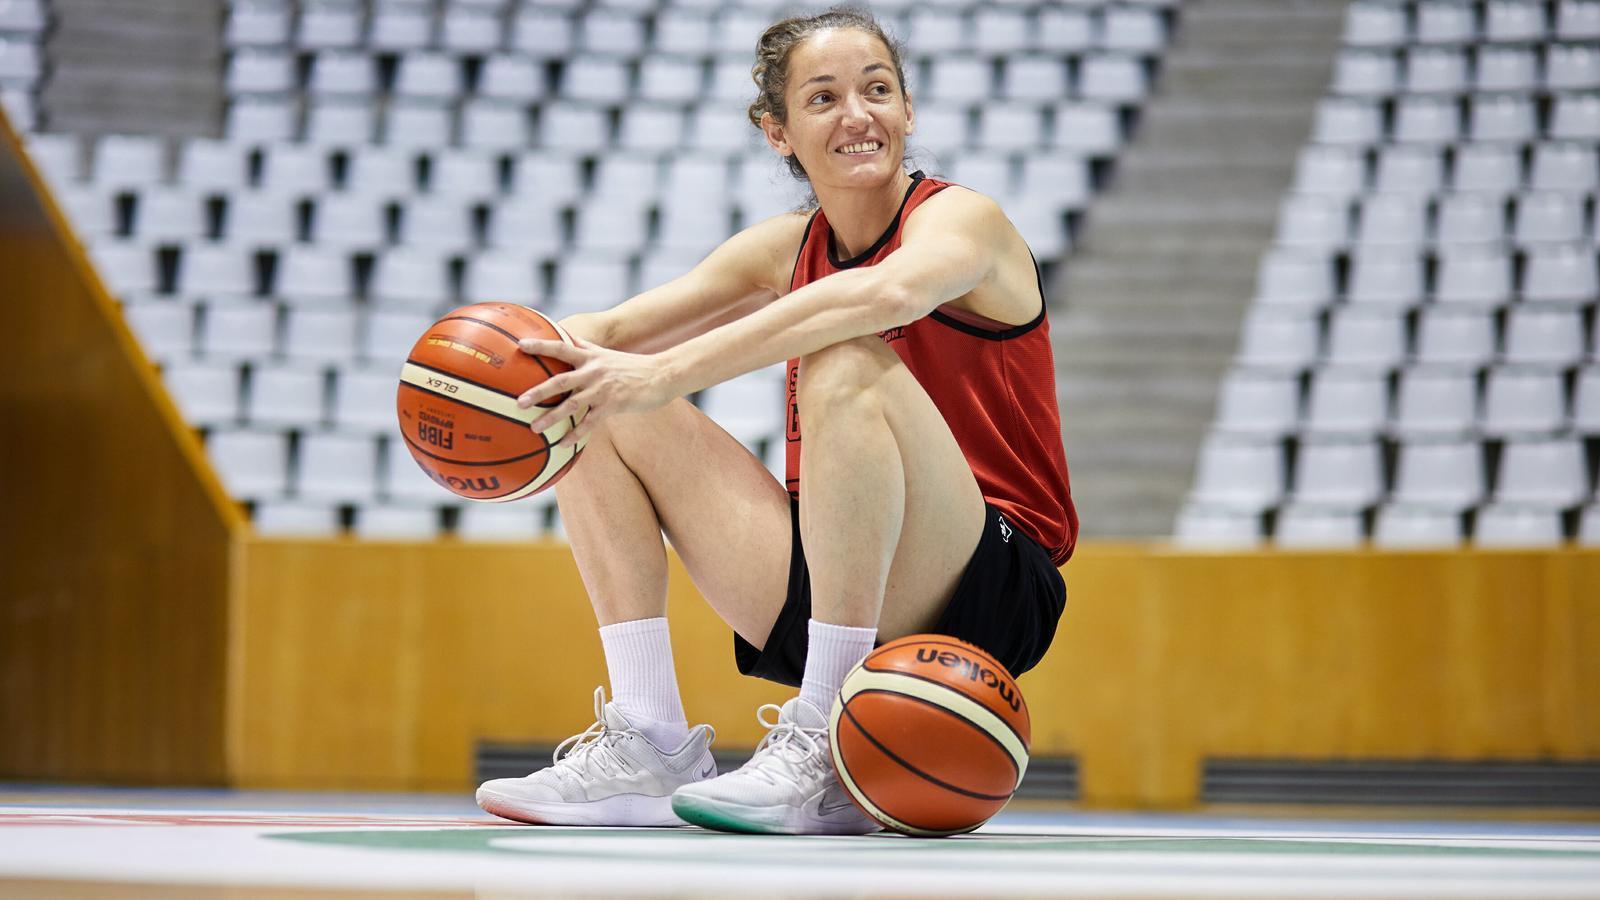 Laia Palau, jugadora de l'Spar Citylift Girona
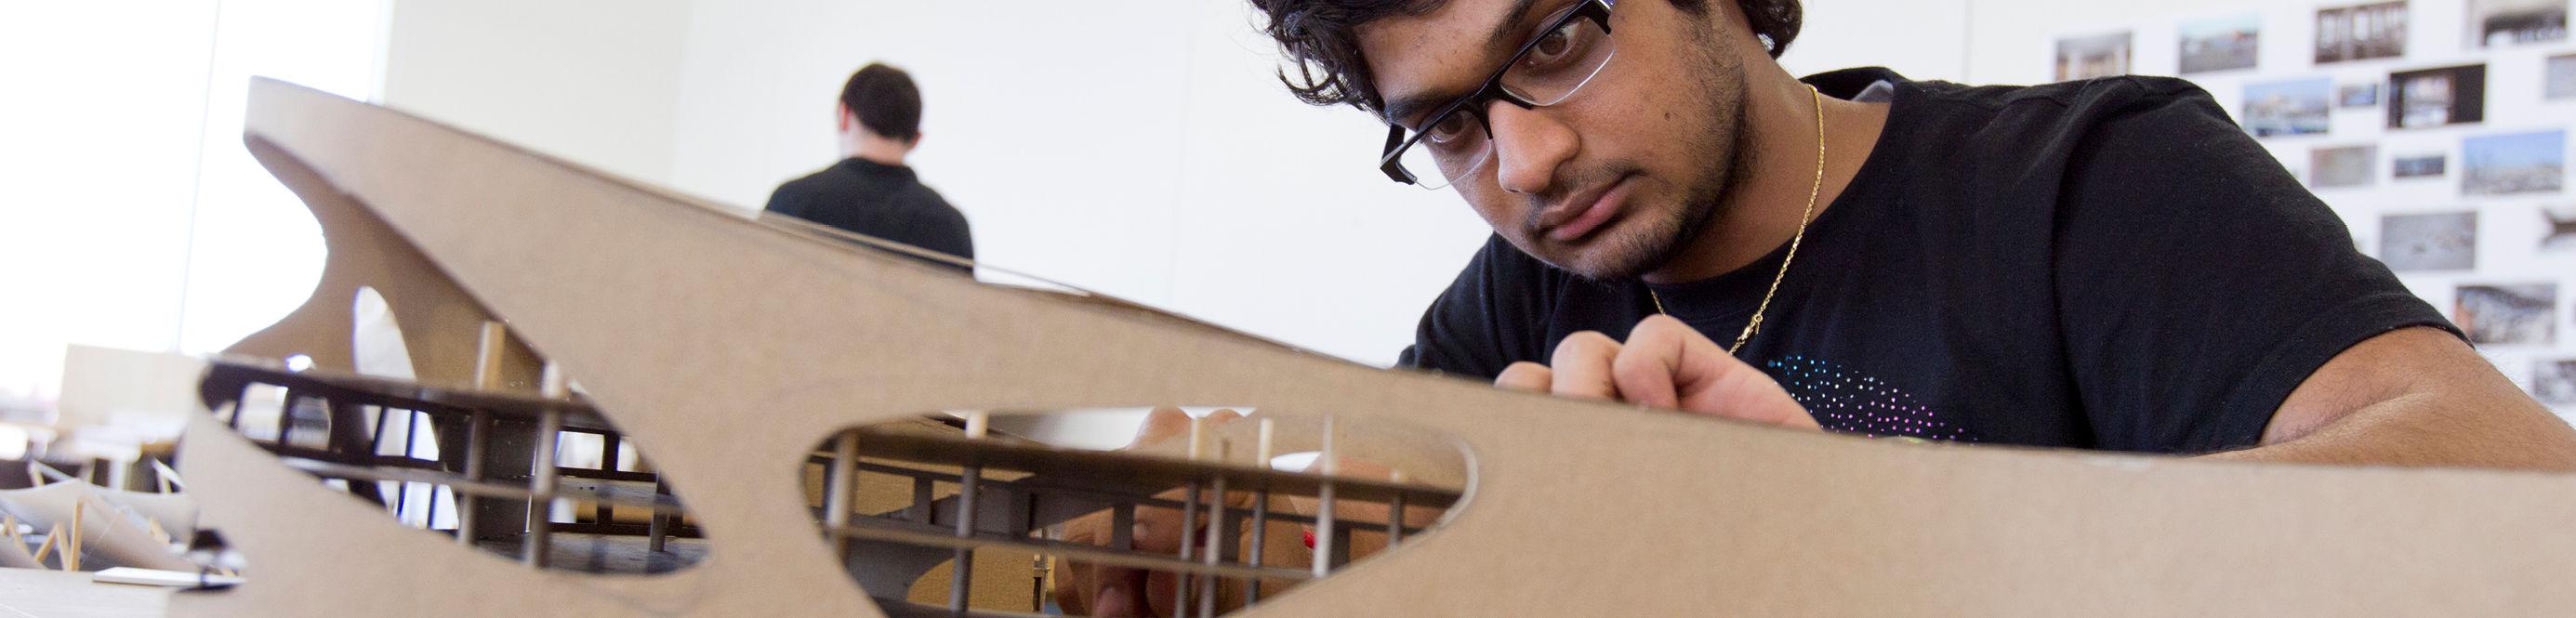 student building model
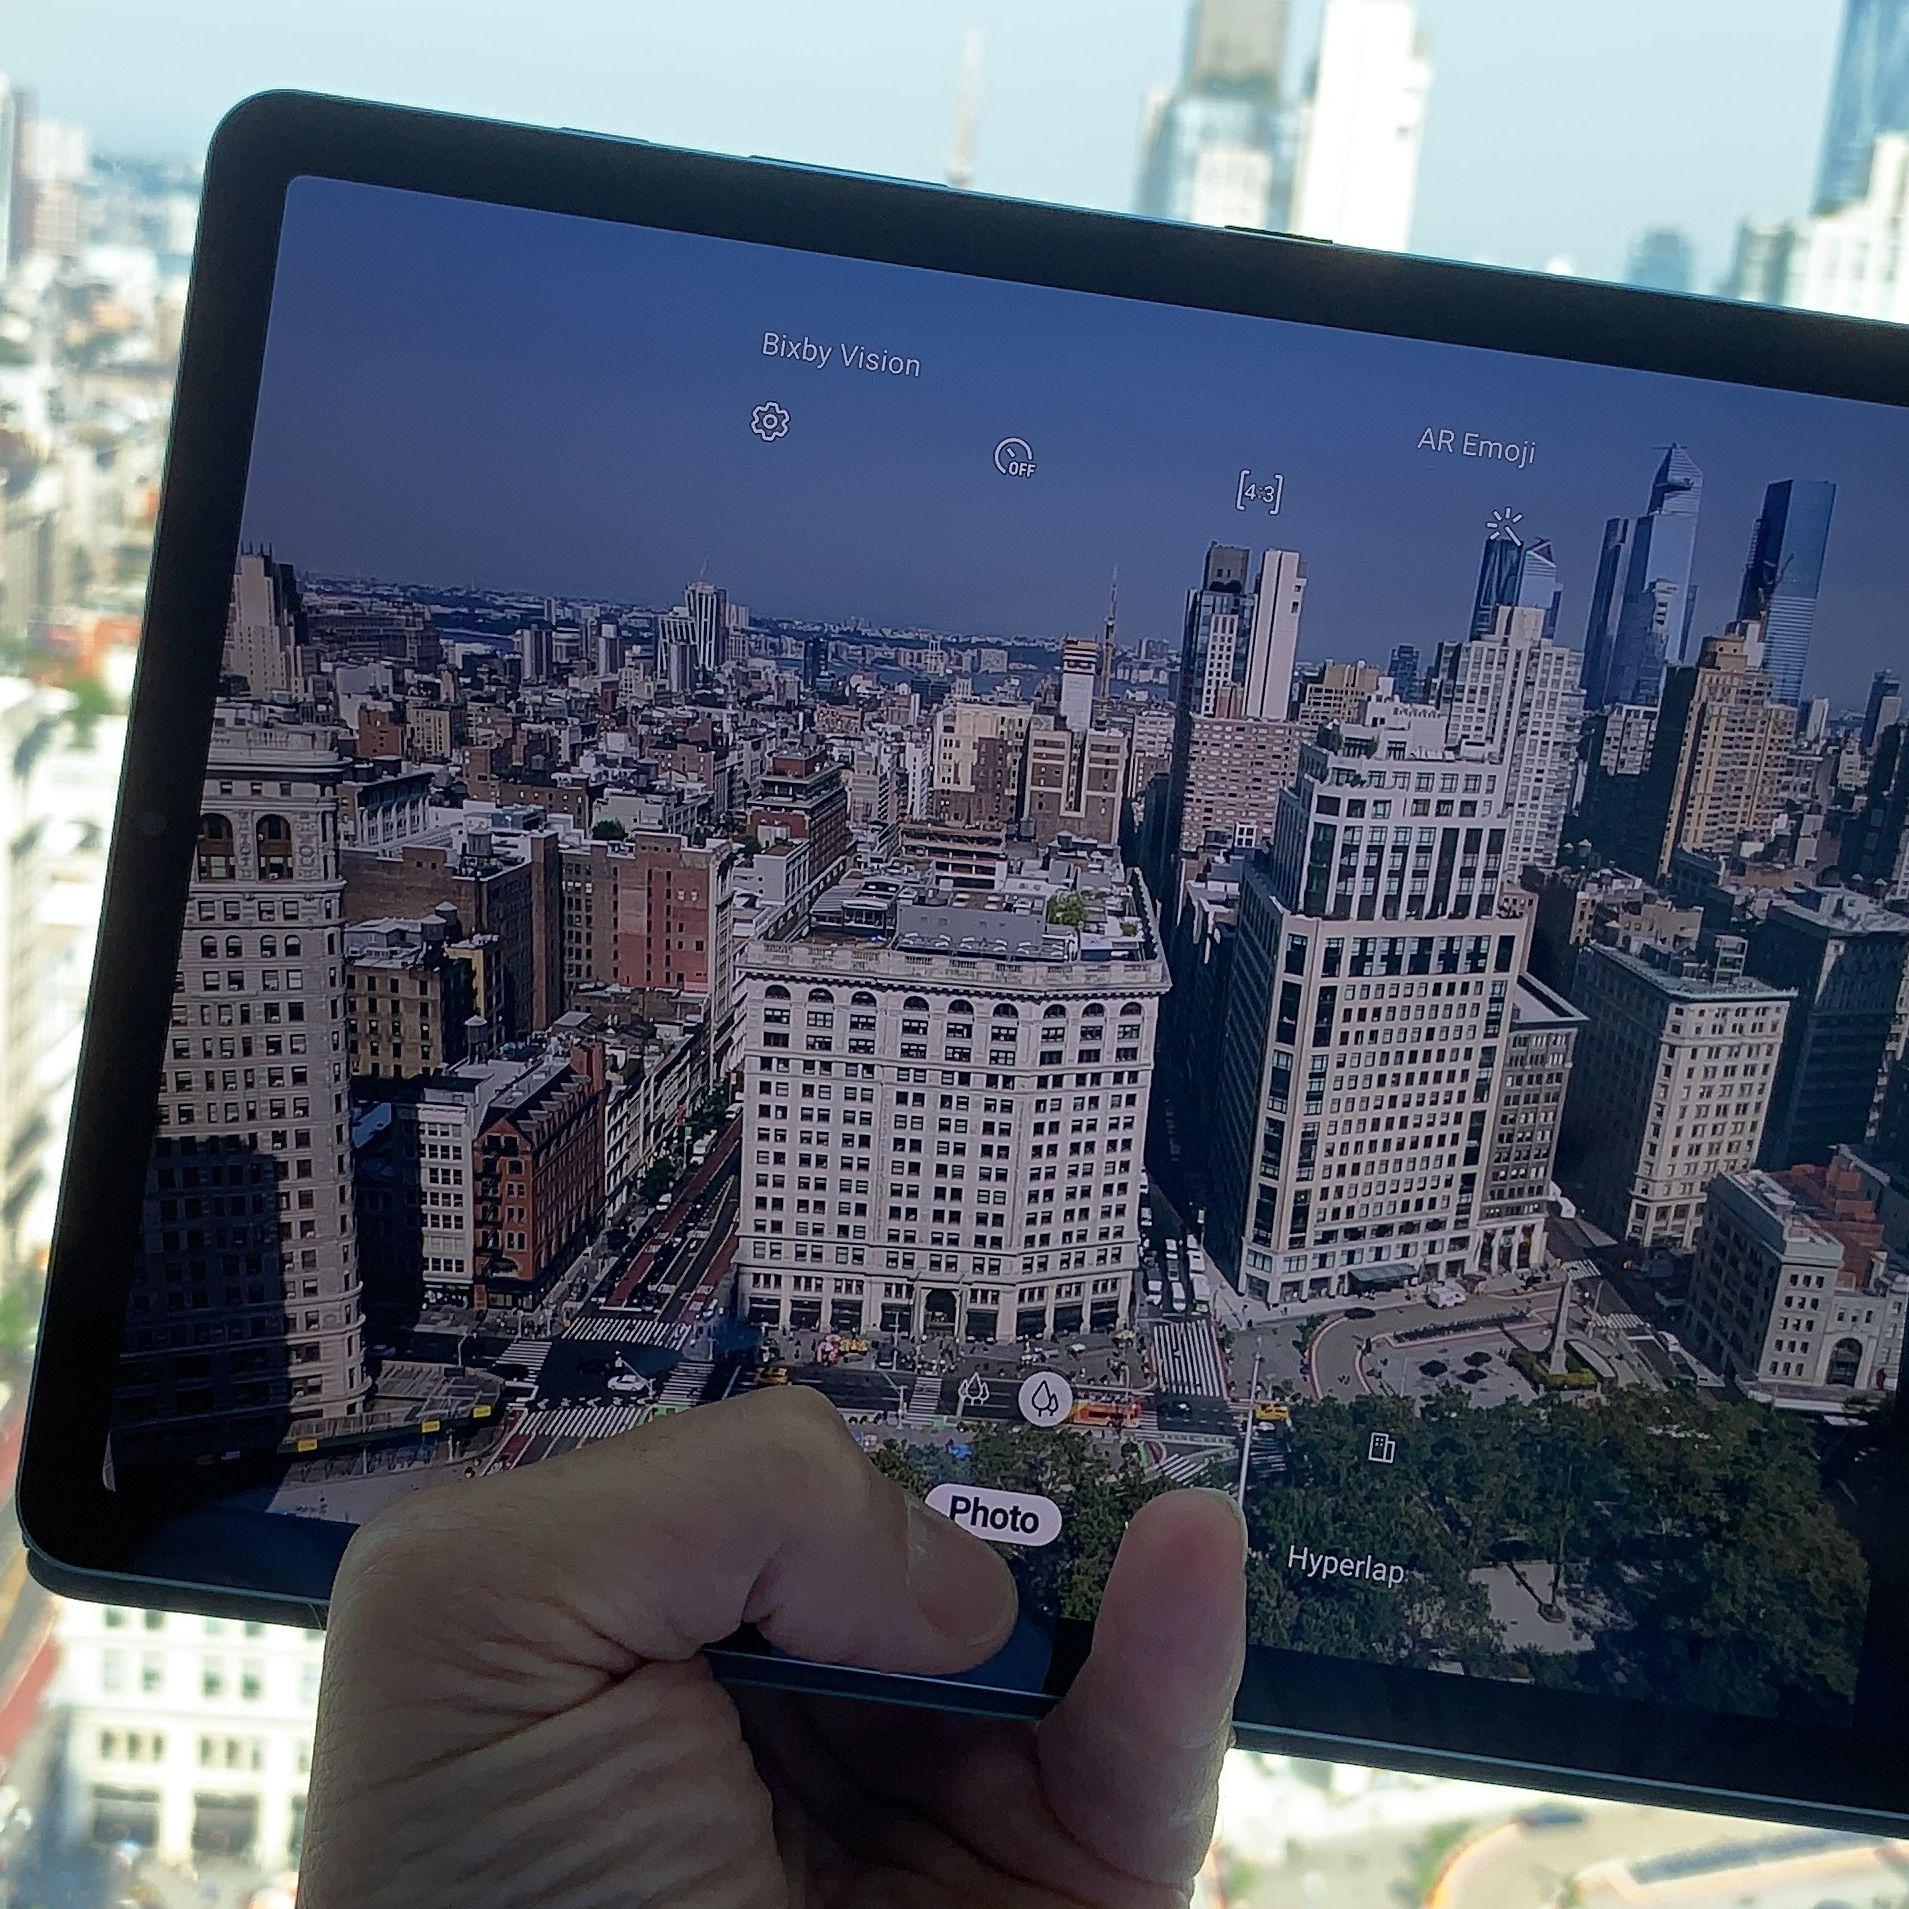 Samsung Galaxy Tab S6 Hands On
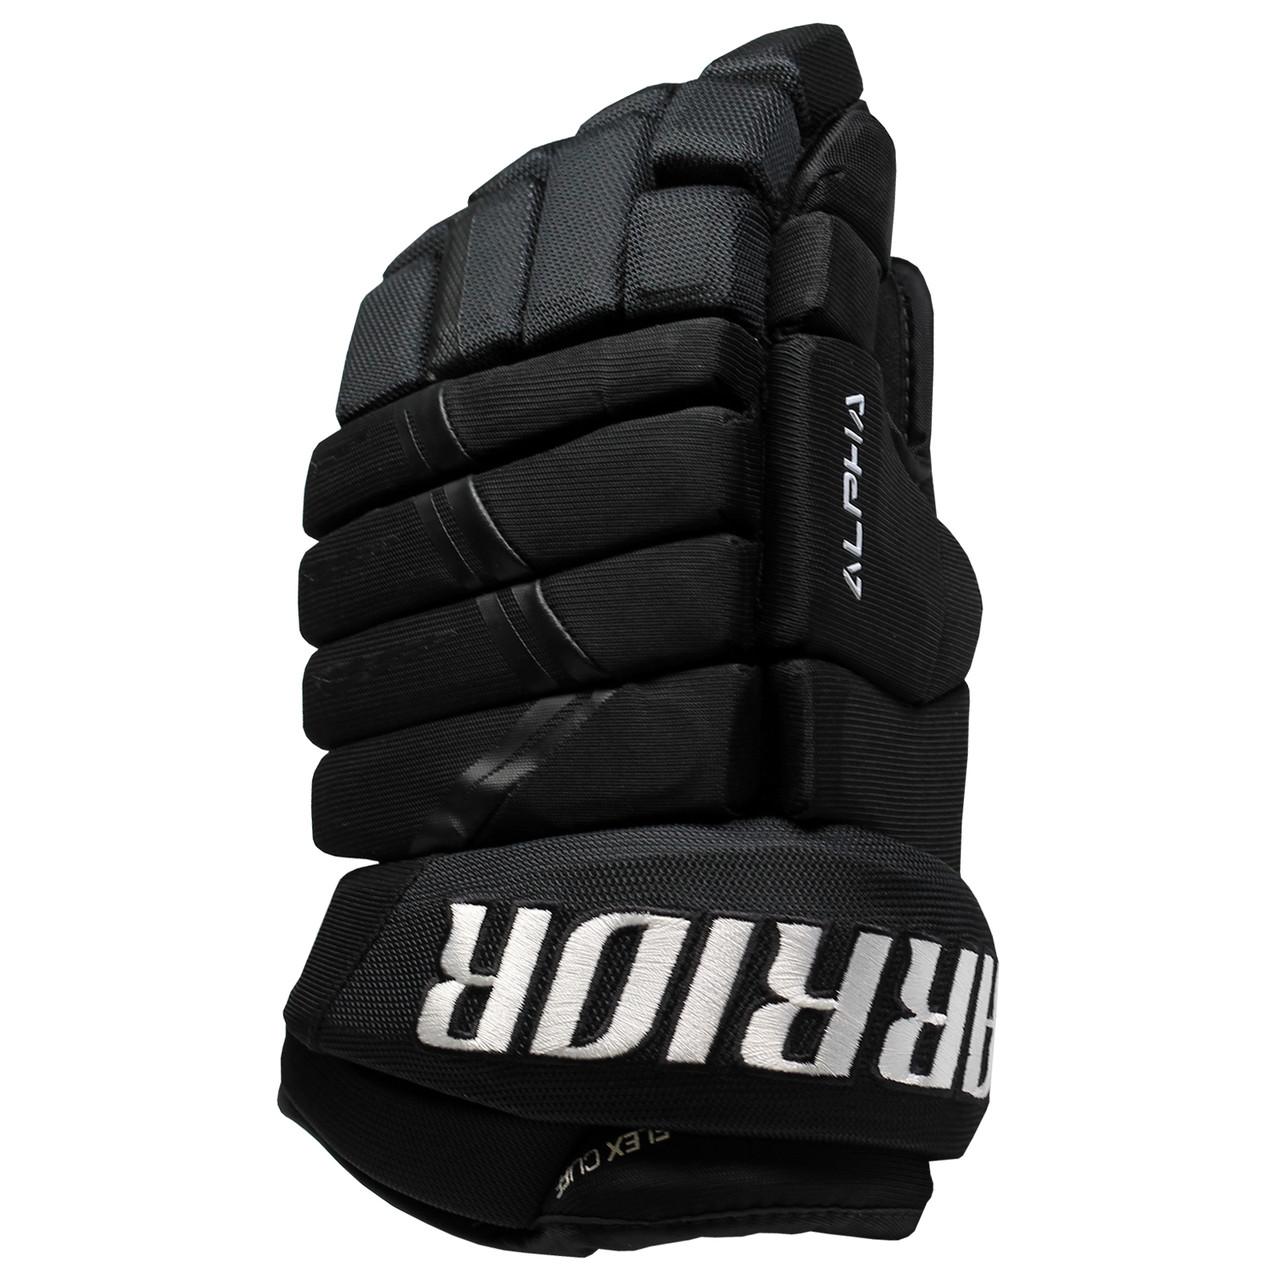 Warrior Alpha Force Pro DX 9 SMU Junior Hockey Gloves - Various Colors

**REQUIREMENT:** Leaving the pictures out, set down all of the data again exactly.

**REPLY TO THE TASK:**
 Laia Palau, jugadora de l'Spar Citylift Girona
 student building model
 Samsung Galaxy Tab S6 Hands On
 Warrior Alpha Force Pro DX 9 SMU Junior Hockey Gloves - Various Colors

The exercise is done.